- Title card
- Directed by: Bharathiraja
- Screenplay by: Bharathiraja
- Story by: P. Kalaimani
- Produced by: S. A. Rajkannu
- Starring: Karthik Radha
- Cinematography: B. Kannan
- Edited by: T. Thirunavukkarasu
- Music by: Ilaiyaraaja
- Production company: Sri Amman Creations
- Release date: 14 November 1982;
- Country: India
- Language: Tamil

= Valibamey Vaa Vaa =

1982 film by Bharathiraja

Valibamey Vaa Vaa (/vɑːlɪbəmeɪ vɑː vɑː/) is a 1982 Indian Tamil-language film directed by Bharathiraja. The film stars Karthik and Radha. It was released on 14 November 1982.

== Plot ==
Karthik is a first class graduate but innocent and unsure about the ways of the world. His mum is the principal of the girls' school where Radha studies. A brat, she is often up to pranks and is scolded by the principal. She decides to teach her a lesson by trapping her son Karthik. She runs after him trying to lure him and in this process both really fall in love. She takes him to Kodaikanal for a picnic. Various incidents make Karthik realise that she is a go getter like she bashes up a gang of goons alone. He cannot drive horses but she can etc. He starts getting doubts about his own abilities. Radha keeps on chiding him for not being man enough. Her psychiatrist father keeps warning her not do that but she does not listen to him. Karthik also visits a dancer Jayamalini to assert his manliness but she advises him to become a sage as he is not up to her expectations. He tells his mother that he is renouncing everything and a huge function is arranged to make him attain sage hood. Radha realises her mistake and goes to him as a last resort all dressed up. She entices and instigates him enough to slap her and thrust himself upon her. In the end all becomes well and Radha falls at his feet to show that he is the boss.
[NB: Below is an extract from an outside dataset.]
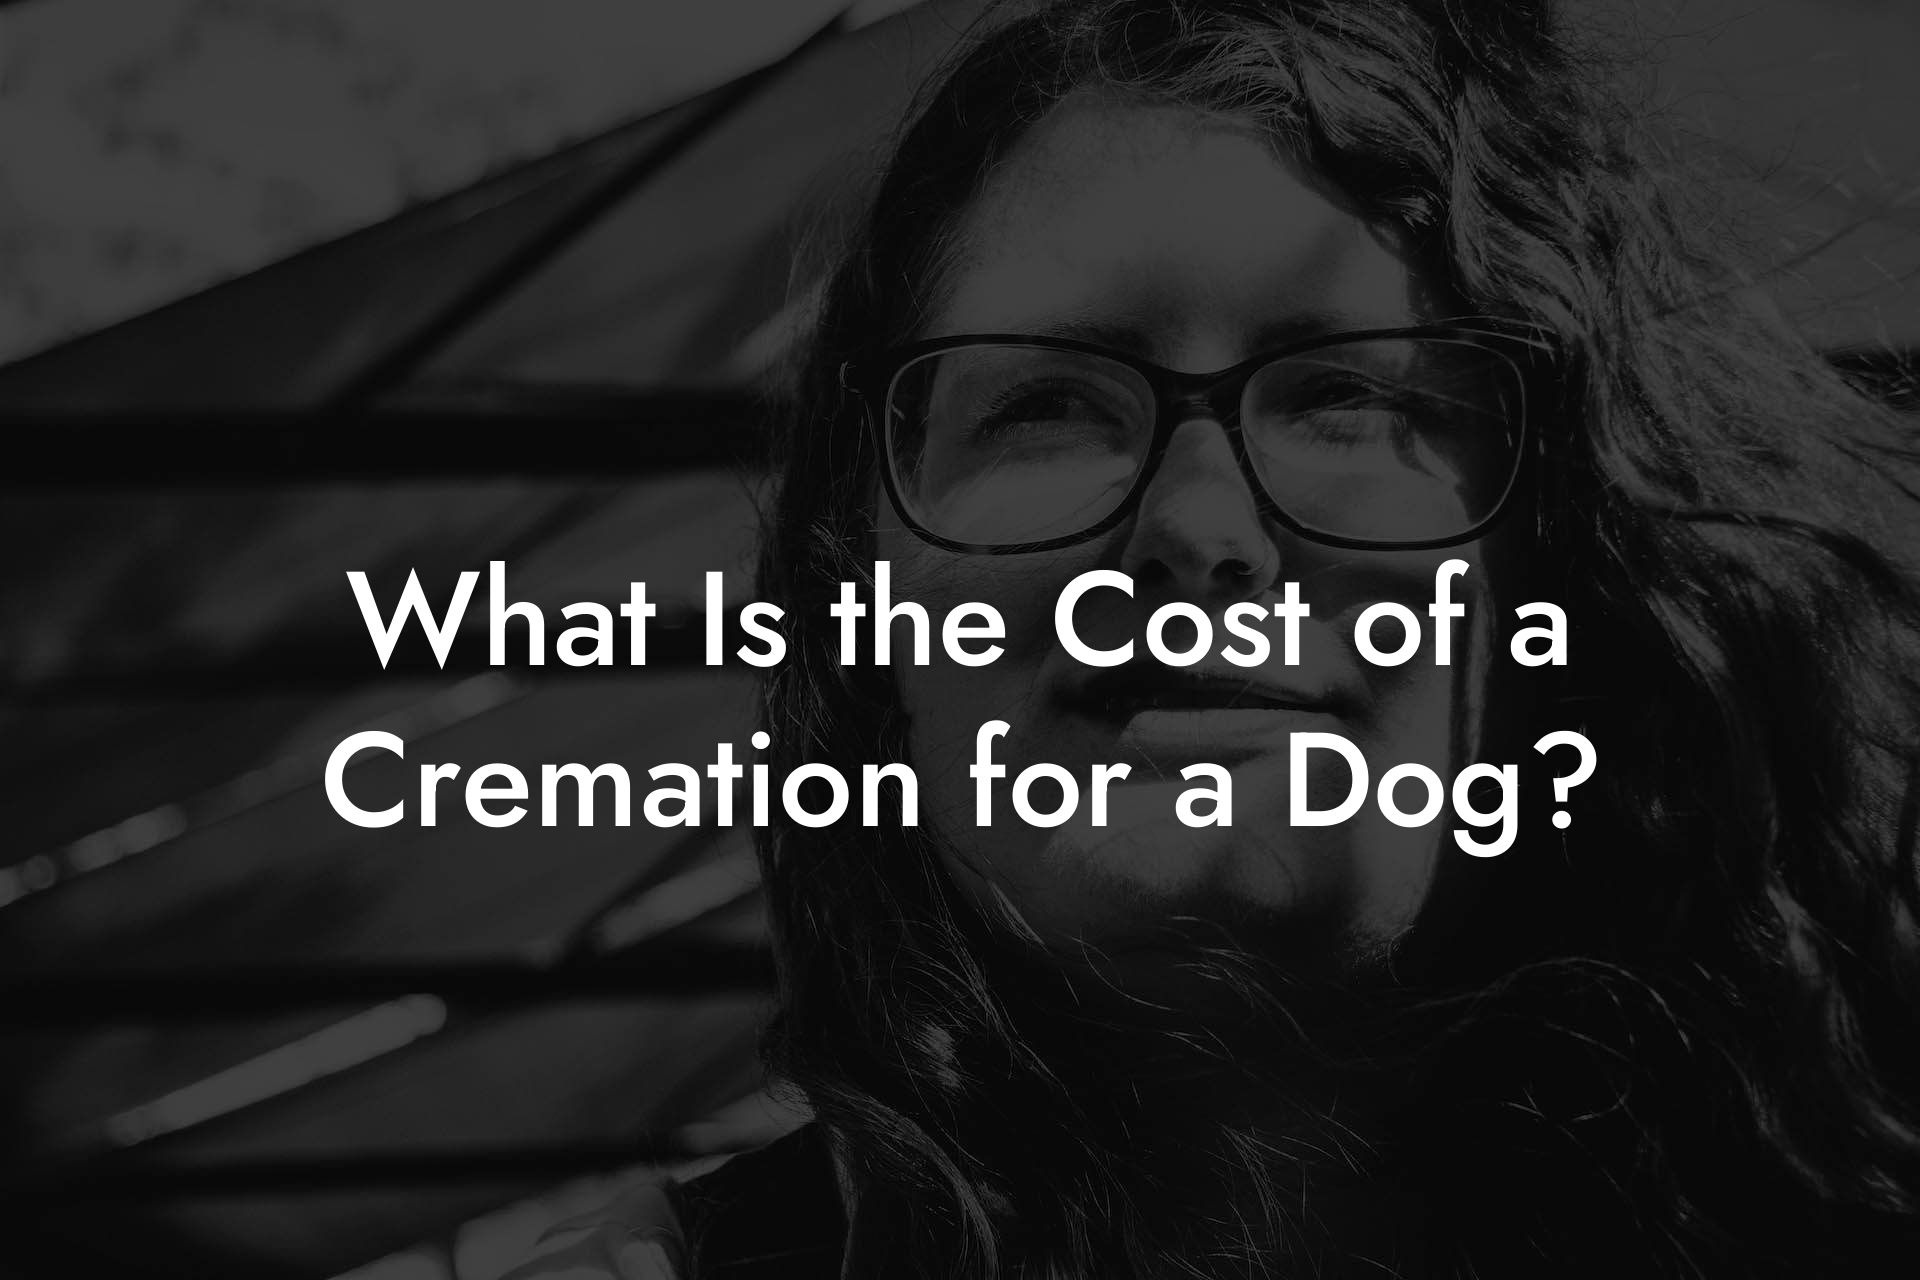 What Is the Cost of a Cremation for a Dog?

Karthik is good as an unsure inexperienced lover. Radha shows some acting prowess and emotions in the end.

== Cast ==
- Karthik
- Radha
- Goundamani
- A. R. Subramaniam
- Lalu Alex
- Master Haja Sheriff
- Jayamalini
- Lavanya

==Production==
Bharathiraja revealed it was Kalaimani who suggested the title Valibamey Vaa Vaa.

== Soundtrack ==
The music was composed by Ilaiyaraaja.

| Song | Singers | Lyrics | Length |
|---|---|---|---|
| "Azhage Unnai" | Malaysia Vasudevan, P. Susheela | Pulamaipithan | 04:02 |
| "Ennadi Ennadi" | S. P. Sailaja | Vaali | 04:11 |
| "Kanne Balam" | K. J. Yesudas | Vairamuthu | 04:19 |
| "Pon Vaana Poongavil" | K. J. Yesudas, S. P. Sailaja | Gangai Amaran | 04:14 |
| "Vai Raja Anbu" | S. Janaki | Muthulingam | 03:43 |
| "Takkar Takkar Baby" | Malaysia Vasudevan | Vaali |  |

== Release and reception ==
Valibamey Vaa Vaa was released on 14 November 1982 on Diwali day alongside other releases such as [Pagadai Panirendu]] Darling, Darling, Darling, Kanmani Poonga, Agni Sakshi, Paritchaikku Neramaachu and Adhisayappiravigal. The film was not commercially successful. Kalki felt considering the plot we could have got a psychological film but not even that and the film got totally lost during the climax and concluded like how Karthik got weakened in the film looking at the glamour even Bharathiraja seems to have become the same.